Nanowire transistors favourite to succeed finfets, says Asenov

Nanowire transistors are the most likely successor to finfets and will scale to 5nm, says Professor Asen Asenov, Professor of Electrical Engineering at Glasgow University and CEO of Gold Standard Simulations (GSS) which specialises in the predictive simulation of nano-CMOS devices including statistical variability and reliability.

Professor Asen Asenov

” While 16/14nm FinFETs are about to enter volume production at the major foundries, the next generation transistors suitable for 7nm CMOS and below are already on the drawing board,” says Asenov, “one of the best candidates “Gate all around” transistors, better known as nanowire transistors (NWT), have superior scaling properties compared to FinFETs and can be scaled to channel lengths of approximately 5nm. ”

With finfets the gate wraps around three of the surfaces with no gating at the bottom but, with nanowire transistors, the gate wraps all around the channel which delivers more control and less leakage.

The expected introduction of new channel materials like SiGe, Ge and III-Vs are also critical to ensure that transistor performance continues to be enhanced.

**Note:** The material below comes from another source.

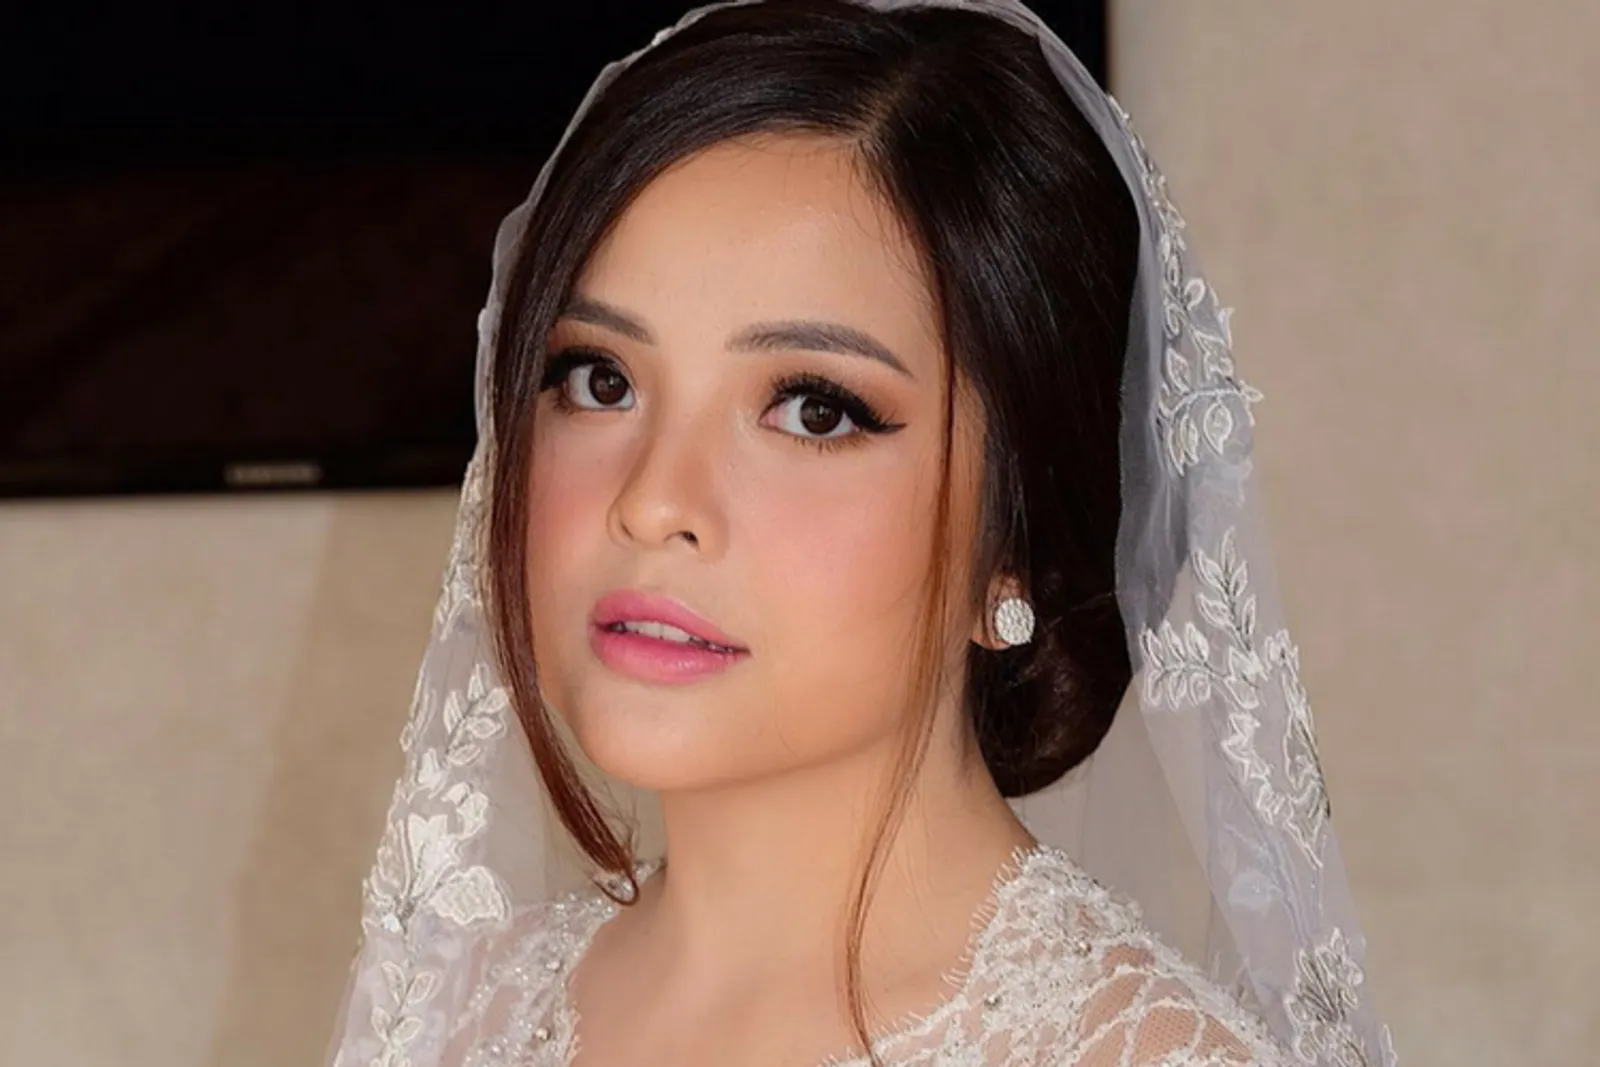 Tampil Memukau, Makeup Pernikahan Tasya Kamila Terinspirasi Dari Tokoh Kartun

“However, this will not be a smooth ride,” warns Asenov, “the operation of CMOS transistors at 7nm and beyond is extremely complex due to strong quantum mechanical effects and quasi-ballistic transport.”

Development of such technology becomes very challenging as large combinations of transistor design parameters, channel materials and gate dielectrics need to be evaluated, a very expensive process.

Sub-optimal technology decisions could literarily bankrupt even the largest technology foundry in this $10B+ new world of CMOS technology development.

Additionally, the complexity and uncertainty of future technology also profoundly affects fabless and IP development companies, which have to prepare their designs for the new technology solutions years in advance.

“At 5nm in silicon you begin to see quantum tunnelling between the source and the drain and no one knows how to solve it,” says Asenov, “that could be the end of possible physical scaling.”

Much depends on whether they can put EUV into production. “There are so many questions and so few answers,” says Asenov, “20nm needs double patterning, 10nm will need triple or quadruple patterning which is almost prohibitive in cost. Unless they can introduce EUV economically it will be prohibitive to go any further.”

Asenov is encouraged by Intel’s order of 15 EUV machines. “It shows they are serious,” he says.

“Advanced, predictive TCAD is the answer to many of the above challenges, and there is nobody who can provide better, silicon proven, tools for these purposes than GSS,” says Asenov, “the beyond the state-of-the-art GSS ‘atomistic’ simulator GARAND can predict the characteristics of NWT, including quantum mechanical & non-equilibrium transport effects as well as global and local variability.”

“The best in class quantum simulation and correction technologies accurately capture the impact of quantum effects on the performance of NWTs,” adds Asenov, “the ensemble Monte Carlo (EMC) transport module of GARAND, which includes multi sub-band EMC, predicts accurately the performance of these future devices based on the electronic properties of different channel materials. These tools allow fast screening of future technology options and ensures that the right technology decisions are made as early as possible in the development cycle.”

Once decisions are made, the GSS design-technology co-optimisation (DTCO) tool chain allows fast development of accurate early PDKs. This facilitates fabless companies in making the best technology choice according to their specific product requirements. Once the technology is chosen it can then be optimised for particular applications using the automated GSS DTCO tool chain, giving an invaluable differentiator within a highly competitive market.

“The GSS TCAD toolchain can significantly reduce the cost and risk associated with making the right decisions when moving to NWT CMOS technology and can speed up future technology development by years,” says Asenov, “it can also help fabless companies to make the right technology choices for their products in the diversified-technology world where NWT technology will compete with conventional bulk, FDSOI and FinFET CMOS. Once the choice is made the technology can be optimised for the requirements of data farms, laptops, tablets, smart phones, wearable electronic devices and the IoT as a whole.”

Asenov remains a fan of FD-SOI. “I’m a believer,” he says, “Samsung is manufacturing in FD-SOI for ST and will open it to mass production. I have seen FD-SOI. products from Sony and Globalfoundries. FD-SOI is good for IoT. At 14nm, FD-SOI is much cheaper.”